Braiding Majoranas in a linear quantum dot-superconductor array: Mitigating the errors from Coulomb repulsion and residual tunneling

TL;DR

This paper proposes a minimal linear quantum dot-superconductor array setup for braiding Majorana zero modes, addressing error mitigation from Coulomb repulsion and tunneling through optimal control, and suggests experimental detection methods.

Contribution

It introduces a novel minimal braiding scheme in quantum dot arrays and demonstrates error mitigation strategies specific to quantum dot devices.

Findings

Errors from Coulomb repulsion and tunneling can be mitigated by optimal control.

Proposes experimentally accessible methods to find optimal braiding conditions.

Predicts signatures indicating successful Majorana braiding.

Abstract

Exchanging the positions of two non-Abelian anyons transforms between many-body wavefunctions within a degenerate ground-state manifold.

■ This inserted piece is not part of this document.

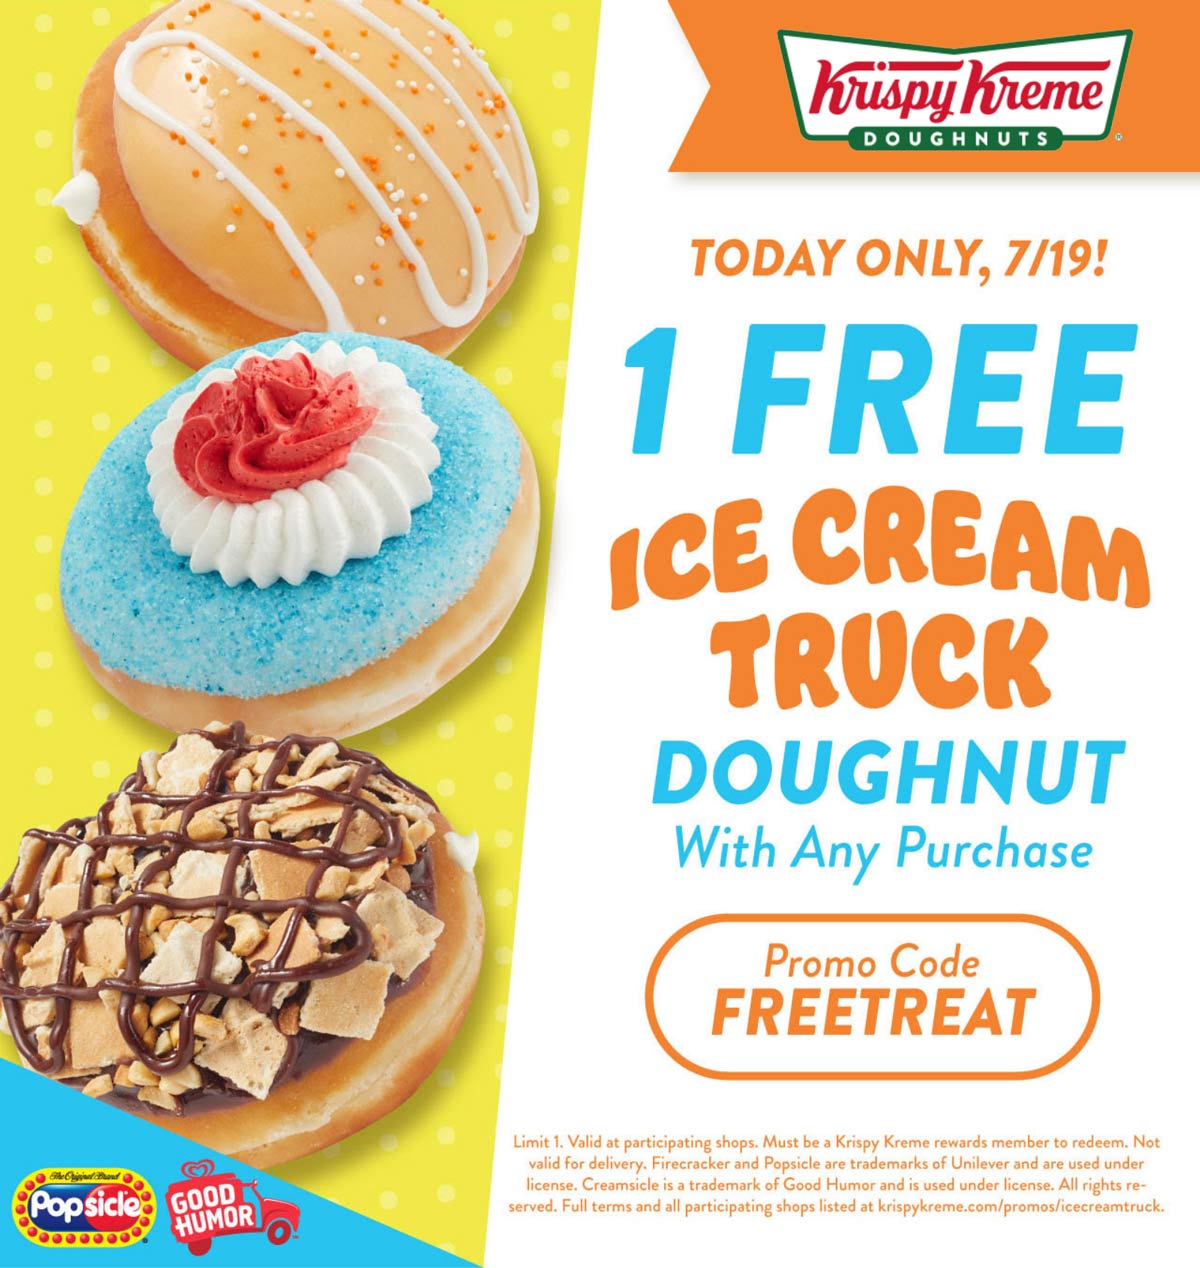 Krispy Kreme restaurants Coupon  Free ice cream truck doughnut with any purchase today at Krispy Kreme via promo code FREETREAT #krispykreme 
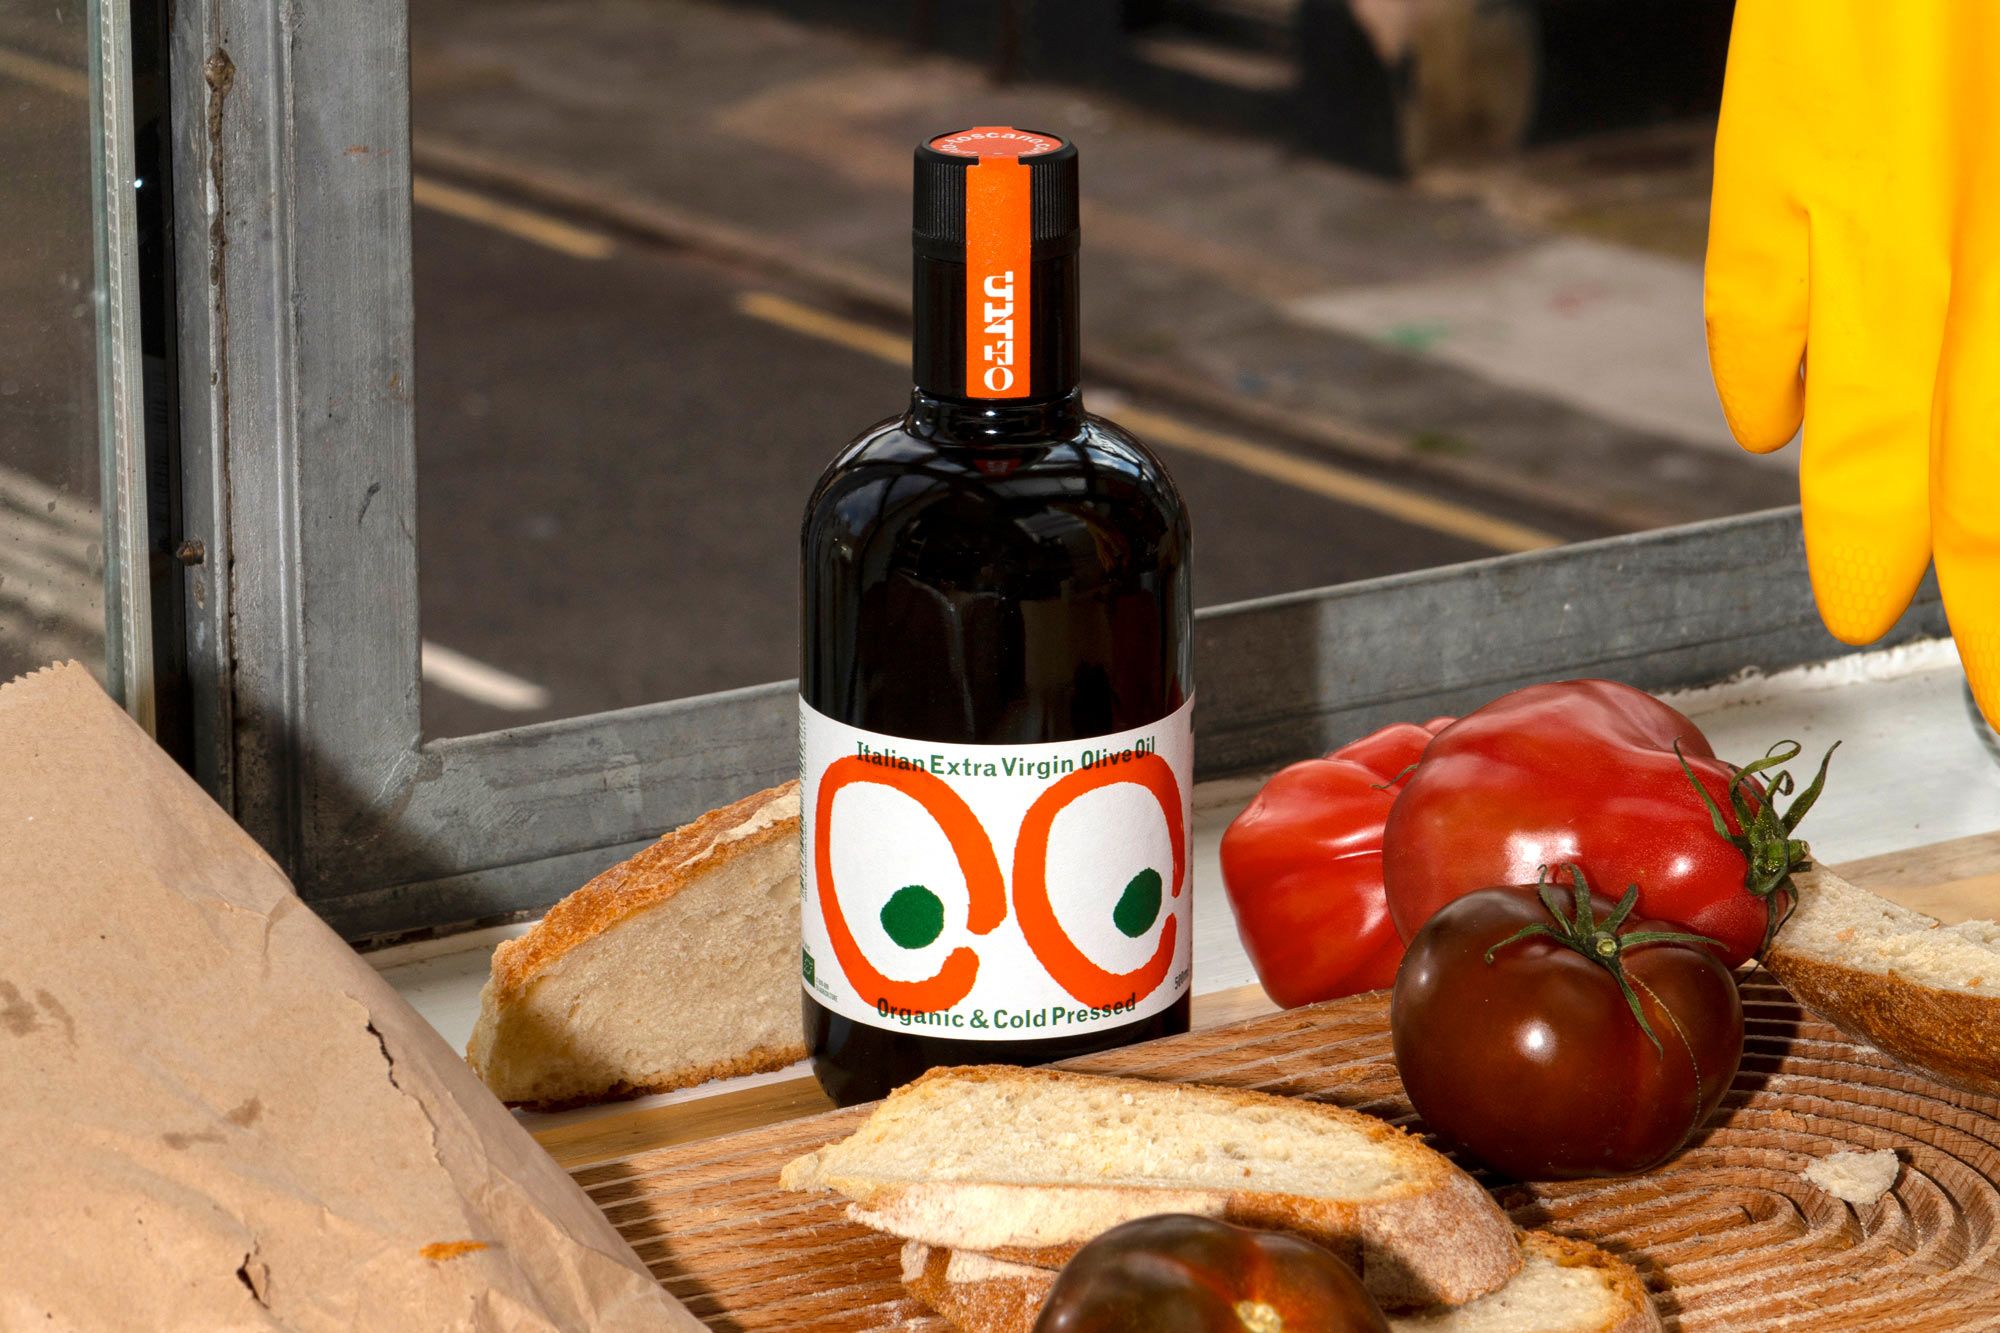 Packaging design for Italian Extra Virgin Olive Oil brand Unto designed by Studio Bergini.

This behavior is fundamentally distinct from fermions, bosons and Abelian anyons. Recently, quantum dot-superconductor arrays have emerged as a promising platform for creating topological Kitaev chains that can host non-Abelian Majorana zero modes. In this work, we propose a minimal braiding setup in a linear array of quantum dots consisting of two minimal Kitaev chains coupled through an ancillary, normal quantum dot. We focus on the physical effects that are peculiar to quantum dot devices, such as interdot Coulomb repulsion and residual single electron tunneling. We find that the errors caused by either of these effects can be efficiently mitigated by optimal control of the ancillary quantum dot that mediates the exchange of the non-Abelian anyons. Moreover, we propose experimentally accessible methods to find this optimal operating regime and predict signatures of a successful Majorana braiding experiment.